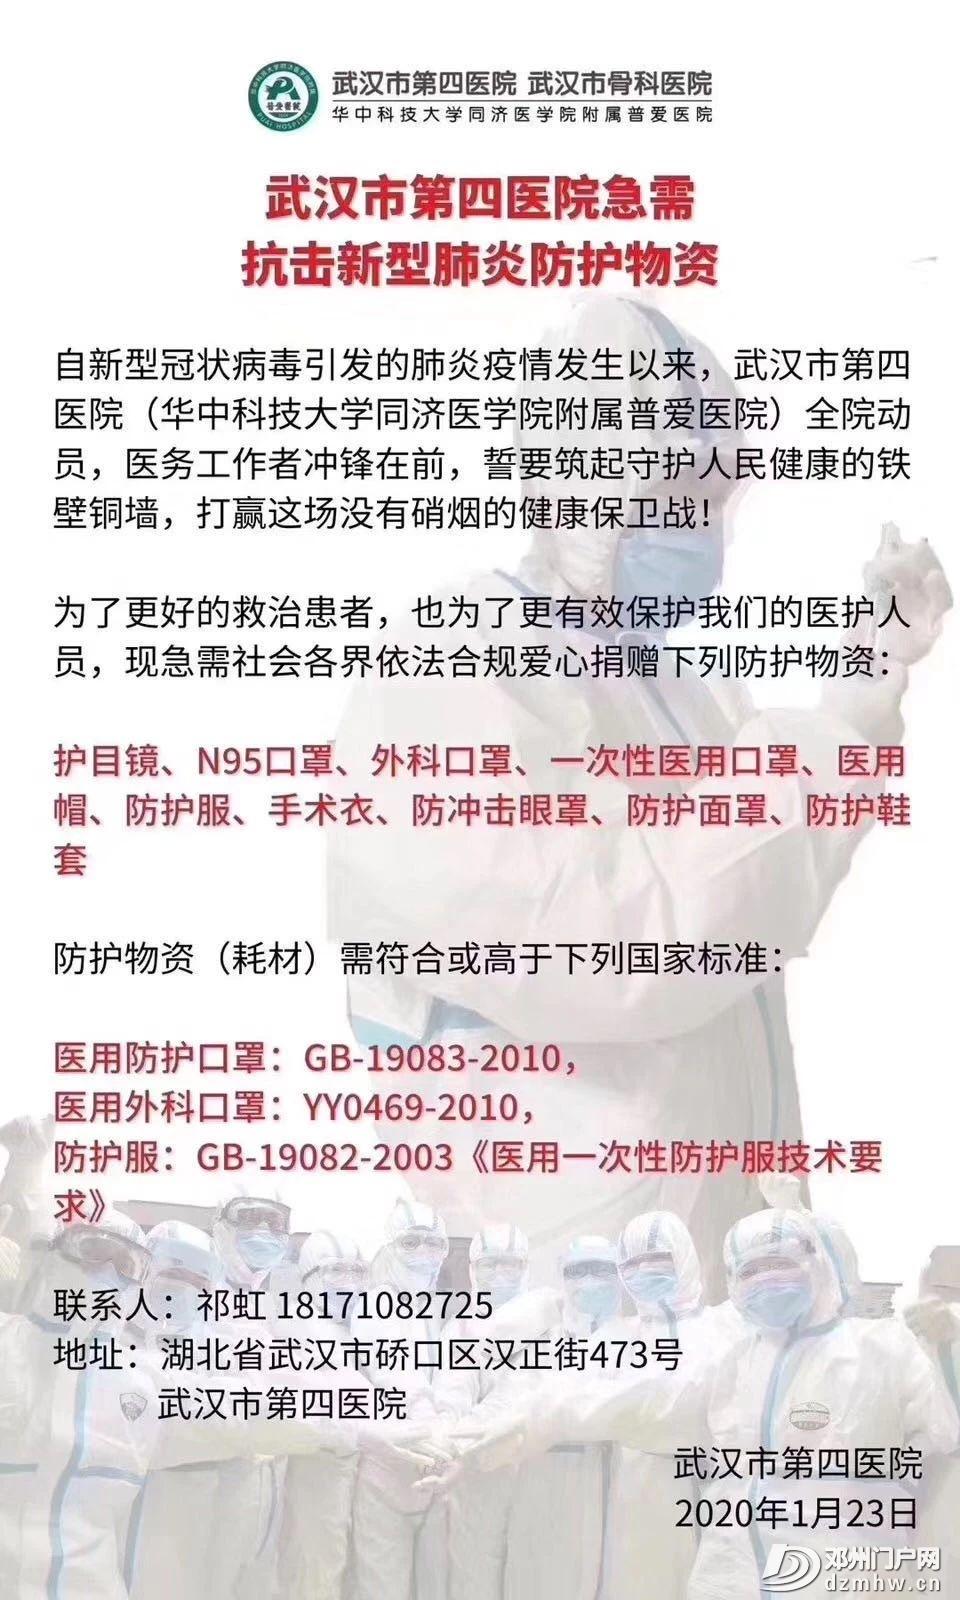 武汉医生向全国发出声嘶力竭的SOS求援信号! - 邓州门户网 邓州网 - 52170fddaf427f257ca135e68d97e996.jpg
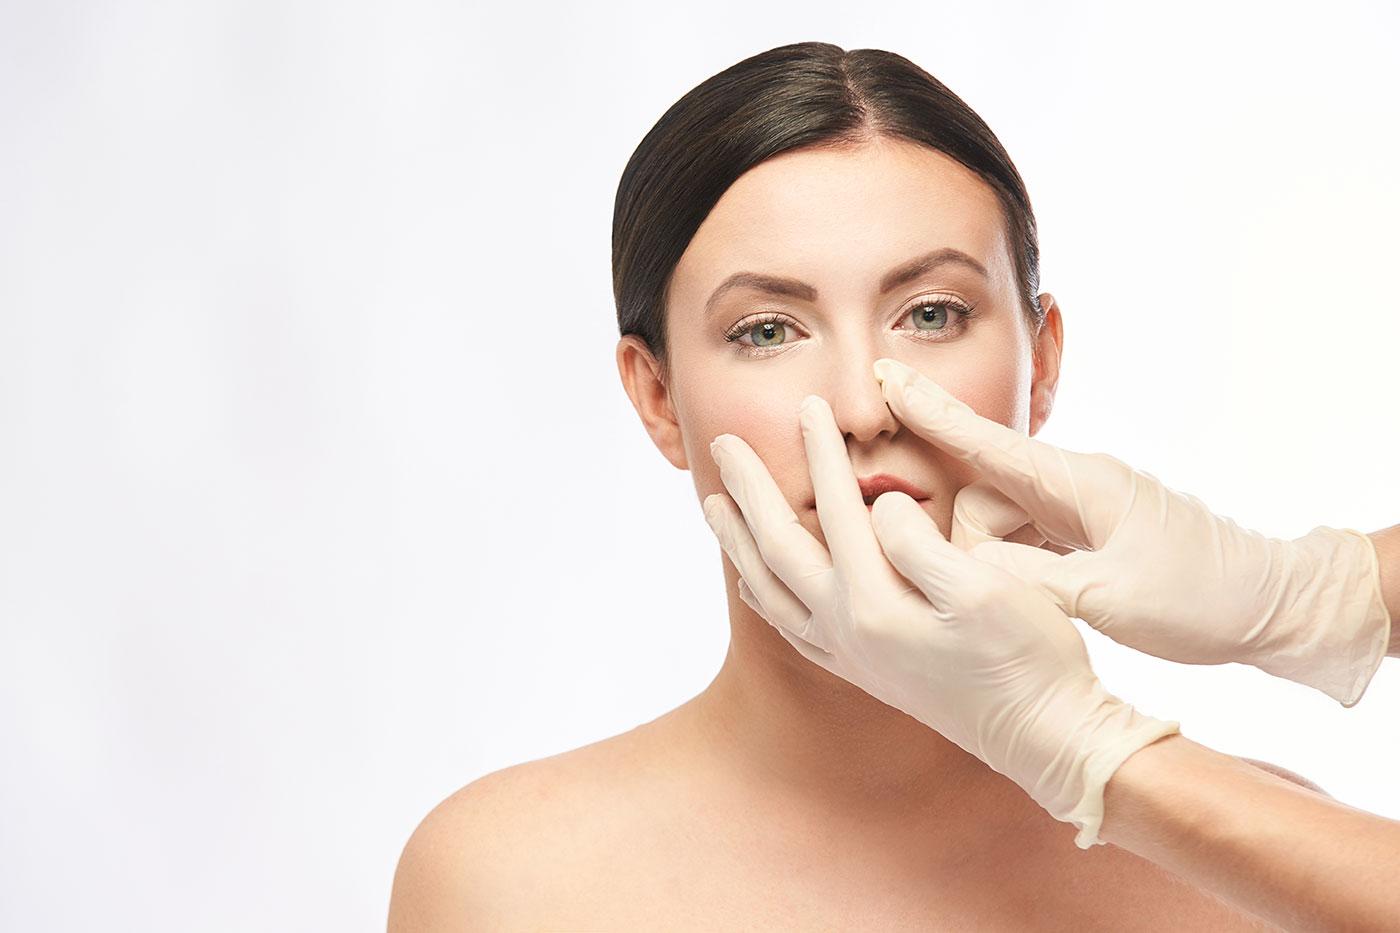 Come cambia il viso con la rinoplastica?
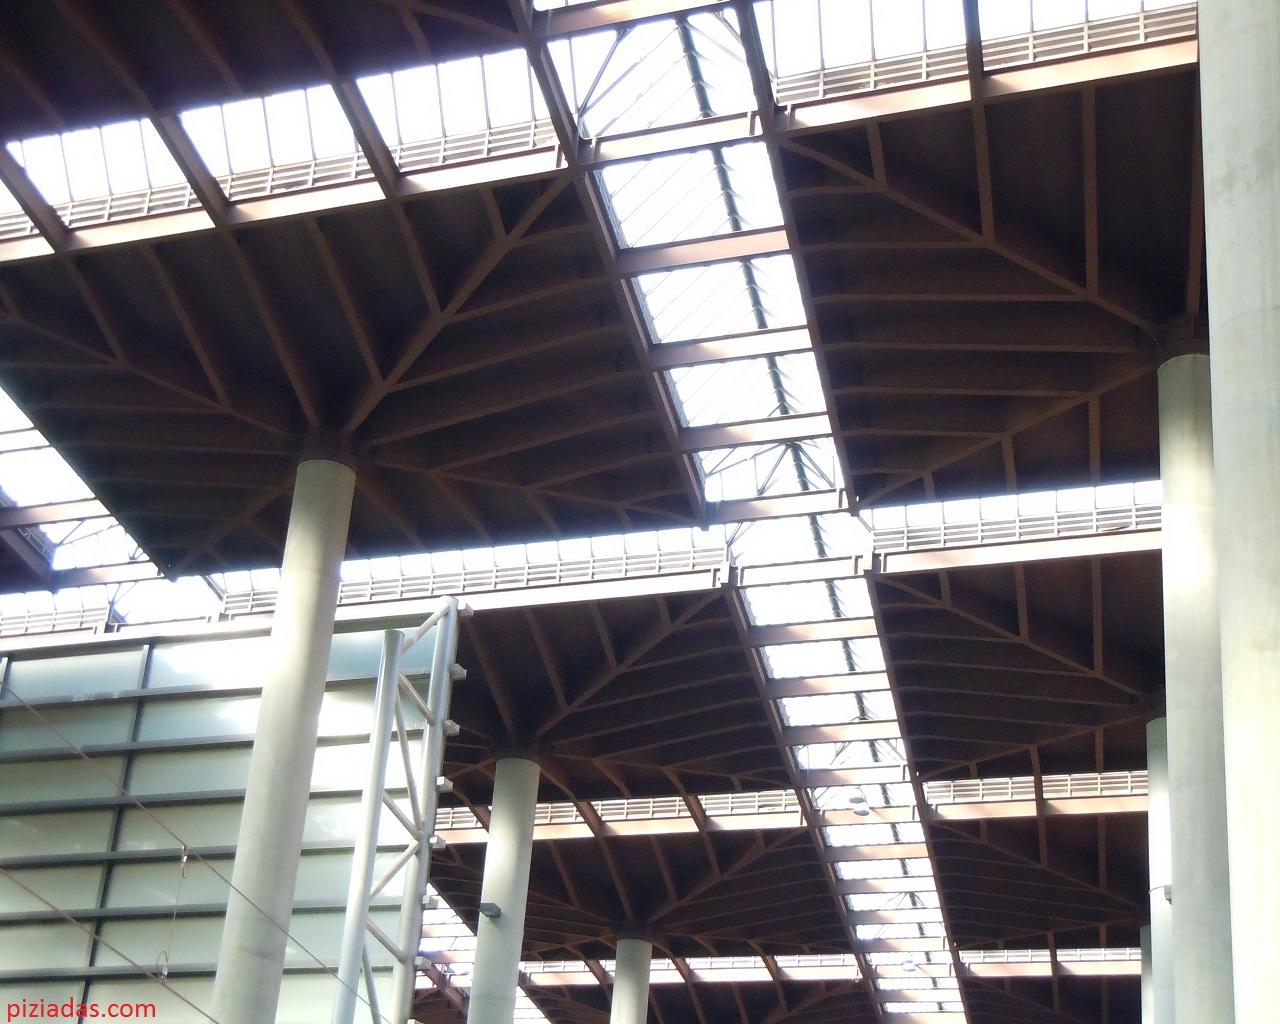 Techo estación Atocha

---

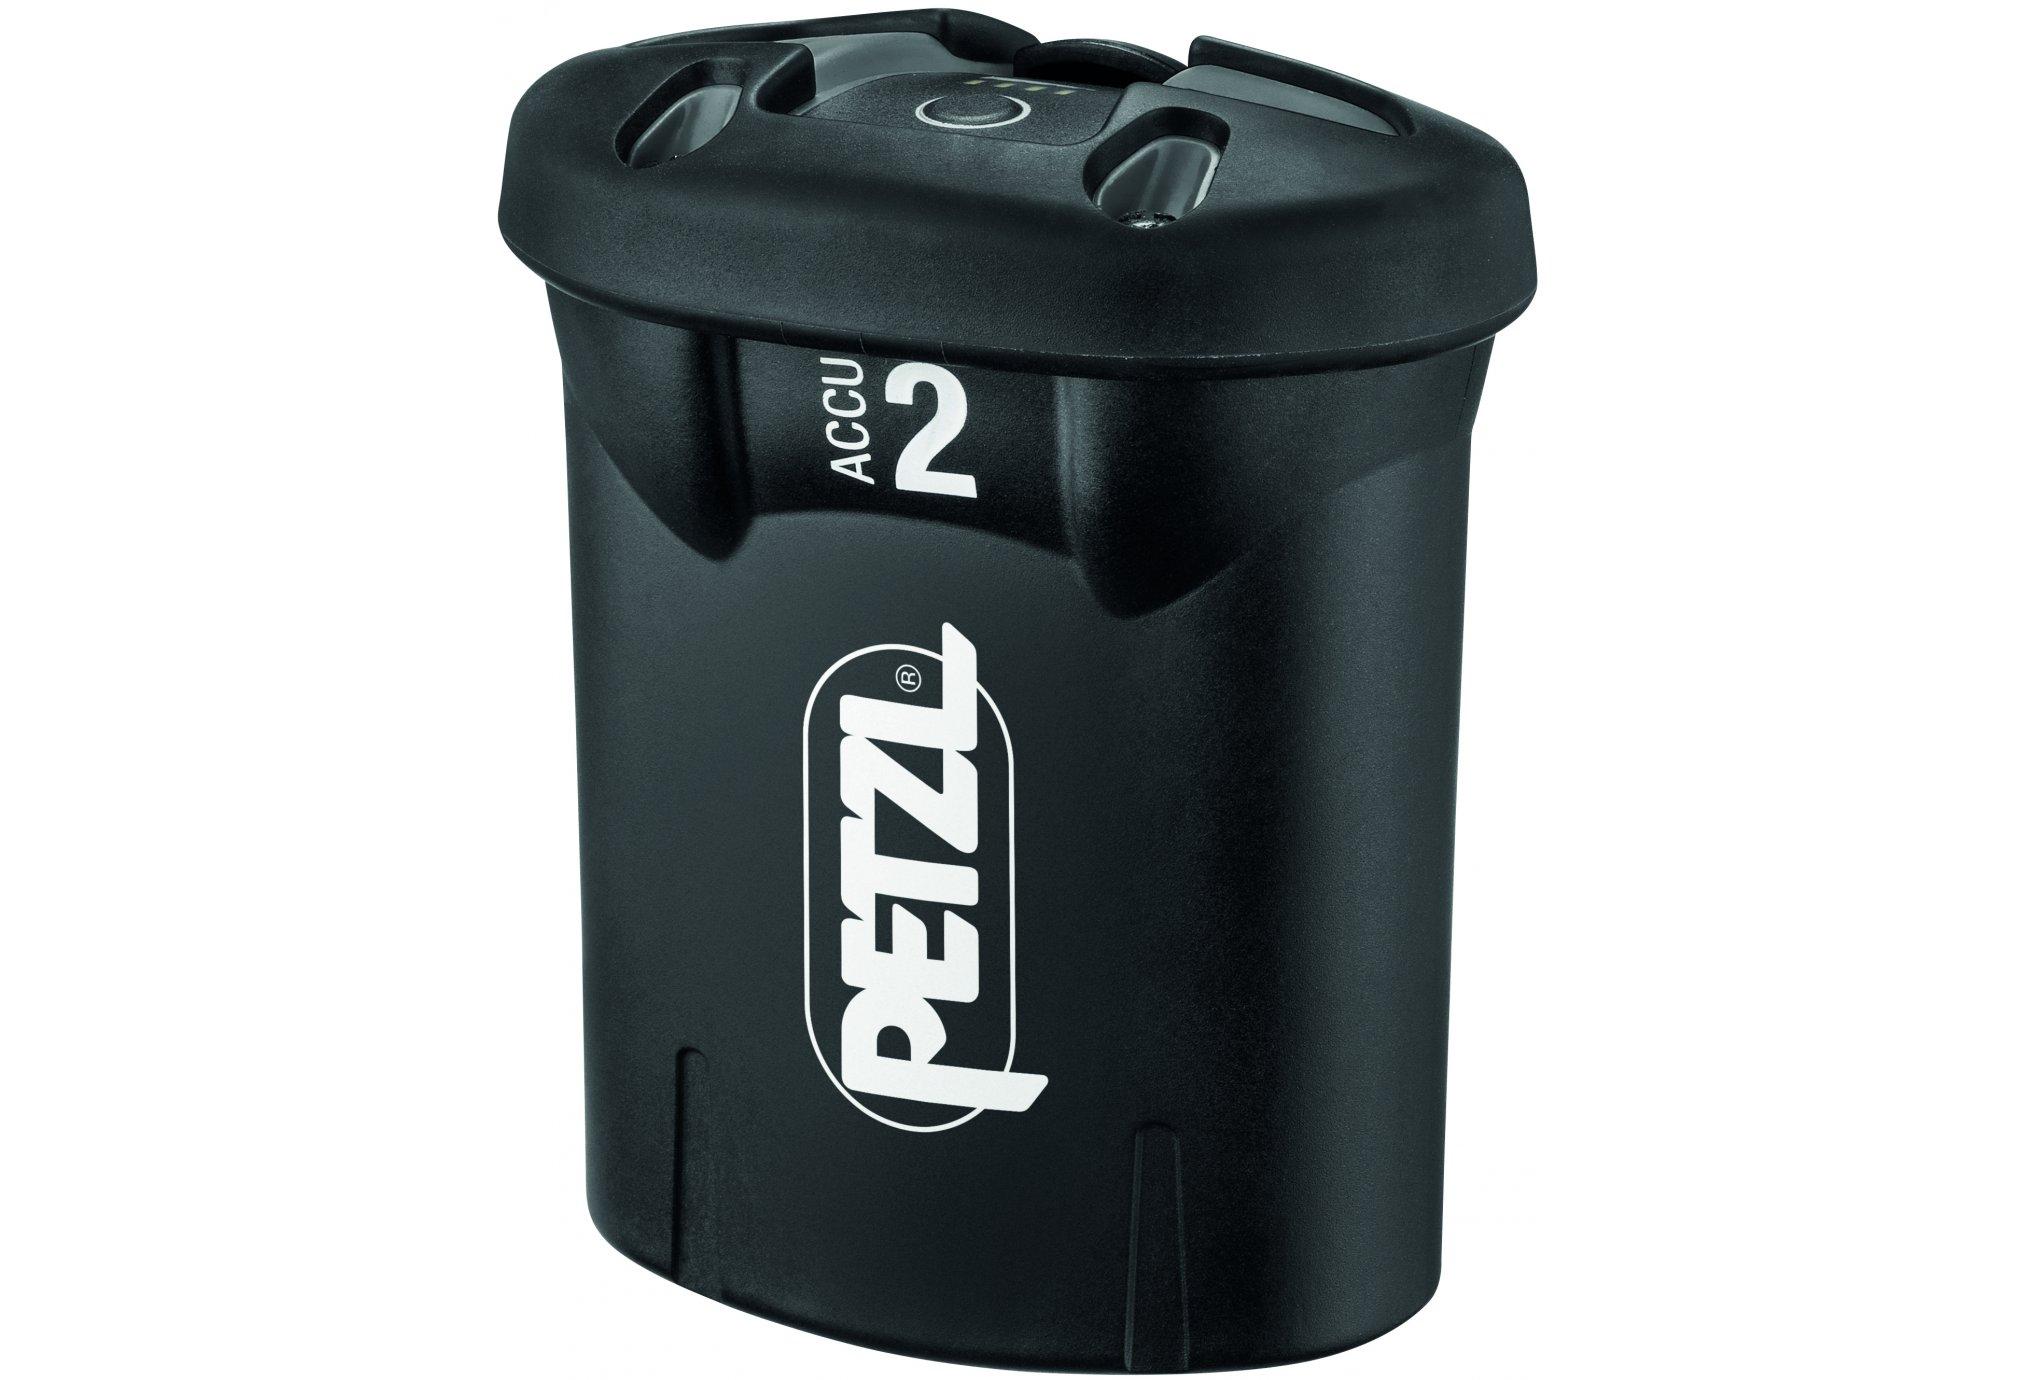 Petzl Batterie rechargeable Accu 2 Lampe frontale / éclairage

---

Look through the material above. Transcribe exactly the lines between the ones with "武汉医生向全国发出声嘶力竭的SOS求援信号! - 邓州门户网" and "Techo estación Atocha", inclusive, and keep pictures out.

 武汉医生向全国发出声嘶力竭的SOS求援信号! - 邓州门户网 邓州网 - 52170fddaf427f257ca135e68d97e996.jpg
 Come cambia il viso con la rinoplastica?
 Techo estación Atocha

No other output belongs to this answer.